15 Jan. 1884–26 July 1918
Quincy Sharpe Mills, editor, author, and World War I officer, was born in Statesville, the only child of Thomas Millard and Nannie Sharpe Mills. His father was a merchant and his mother a teacher. Both parents were natives of Statesville and were descendants of sturdy pioneer stock; they grew up in the poverty-stricken days of Reconstruction after the Civil War. Quincy was nurtured on his grandmother's tales of the bravery of his forefathers in their struggles against the Indians, the Redcoats, and the Yankees. Soon reading became a part of his life, and he was an eager student in the schools of his day.
In the fall of 1899 he entered the Oak Ridge Preparatory School, where he completed the two-year course in one year, making an average grade of 99.5. His diploma qualified him for admission to The University of North Carolina, but since he was only sixteen, his parents persuaded him to stay at home for a year. In June 1901 he became ill with typhoid fever and was forced to wait until September 1902 to enroll in the university.
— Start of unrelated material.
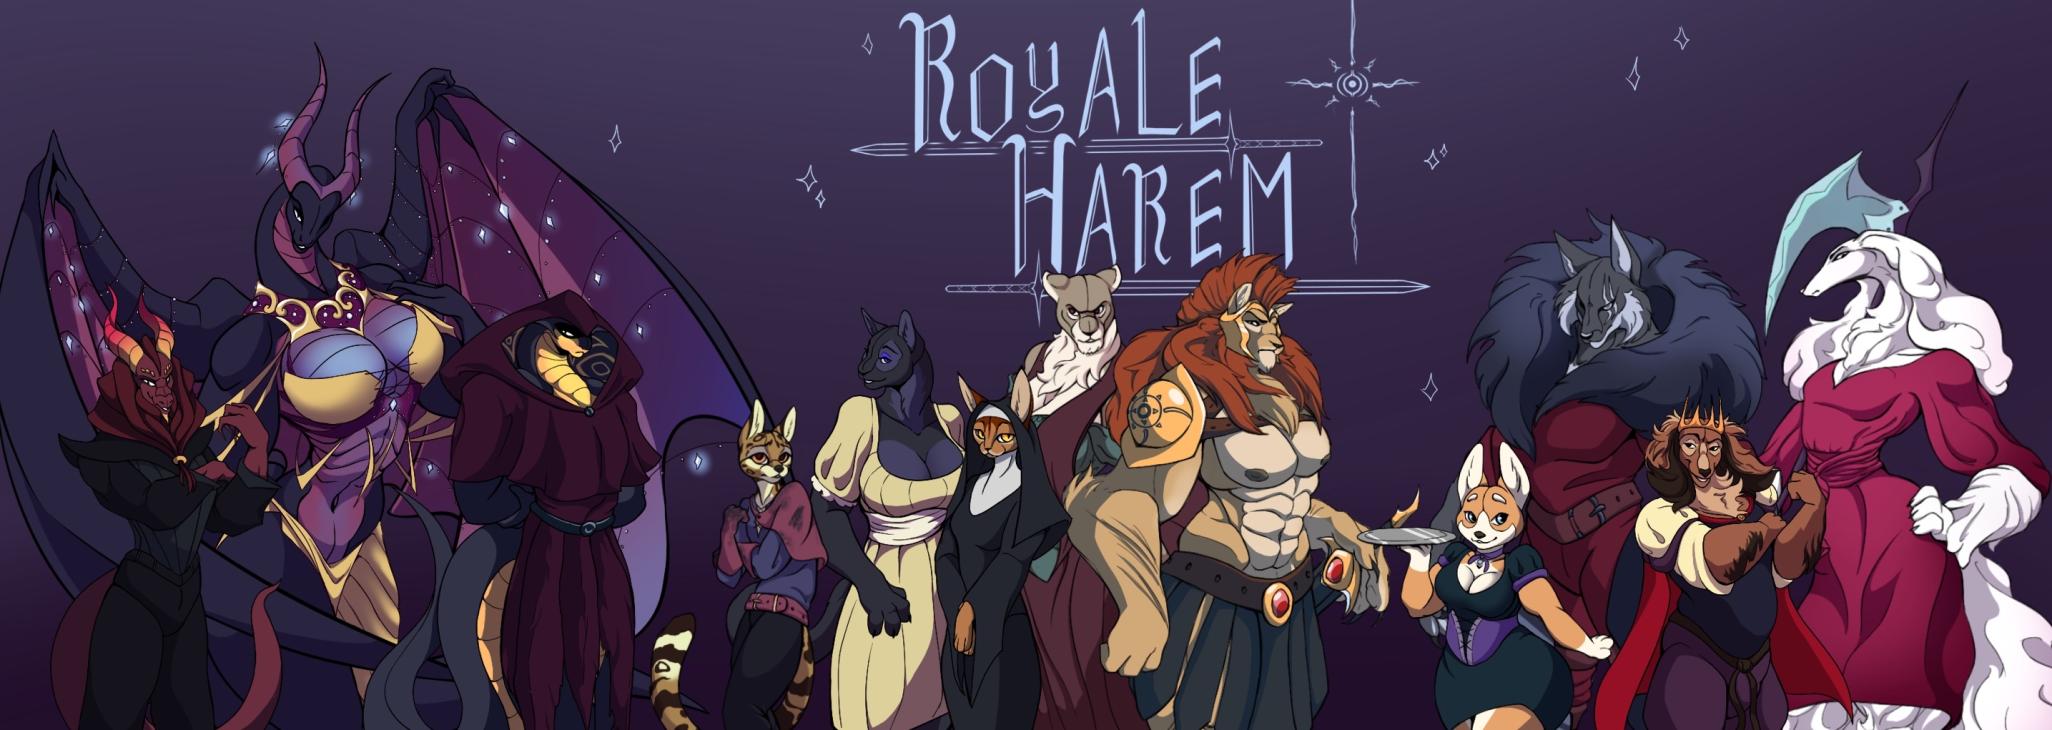 Royale Harem poster

His four years there were a delight to him. He was the editor of three student publications and a correspondent for two newspapers. Initiated into Phi Beta Kappa, he won medals and honors in all his work. In sports, he starred on the tennis team and excelled in cross-country running.
A charming account of his junior-year summer vacation, entitled Footing It through the Blue Ridge, first appeared in serial form in the Charlotte Observer. Many of his "Verses, Grave and Gay," short stories, skits, and plays were published.
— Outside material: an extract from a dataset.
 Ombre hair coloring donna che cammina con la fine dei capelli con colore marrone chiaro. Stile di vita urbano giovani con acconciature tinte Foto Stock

Immediately following his graduation in 1907, Mills went to New York to seek his fortune in the newspaper world. By his own efforts he obtained a job in the office of the New York Evening Sun as a reporter. In a short time he became city editor, remaining in that post until he volunteered for military service when the United States declared war on Germany in 1917. He had already taken officers' training courses at Plattsburg, N.Y., during his vacations since the war began in 1914. From 1914 until his enlistment, a period of twenty-seven months, he wrote 250 editorials on the European conflict and America's lack of preparedness for its deepening involvement. Intensely patriotic, he felt it was his duty to fight in his country's battles against the forces of evil.
Mills was commissioned a lieutenant and sent to France. He died of wounds received at the Battle of Château-Thierry (3–4 June 1918) in an attack on the German lines that successfully blocked the enemy's advance.
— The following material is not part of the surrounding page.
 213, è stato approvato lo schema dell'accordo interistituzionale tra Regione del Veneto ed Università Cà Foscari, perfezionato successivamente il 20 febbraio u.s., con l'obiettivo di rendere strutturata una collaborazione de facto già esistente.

A biography of Mills, One Who Gave His Life, written by James Luby, senior editor of the Evening Sun, was published in 1923; it also includes letters that Lieutenant Mills sent from France. A second volume, Editorials, Sketches, and Stories, containing Mills's short stories and editorials, was published in 1930.
Mills was recognized by journalists as a specialist on state and city political affairs; he wrote constantly of the inner workings of party politics. The range of his interests was worldwide and his vision deep and penetrating. Many causes claimed his pen, and he championed them all with his keen intellect and tireless concern for a better city: more parks and playgrounds, better schools, less pollution, and more adequate transportation. His early twentieth-century concerns were the same as those of the waning days of the century. His philosophy of government, his desire for a good life for all people, his love of freedom, and his willingness to give his life for the principles in which he believed stand as a lasting tribute to the young soldier-writer who made the supreme sacrifice for his beloved country.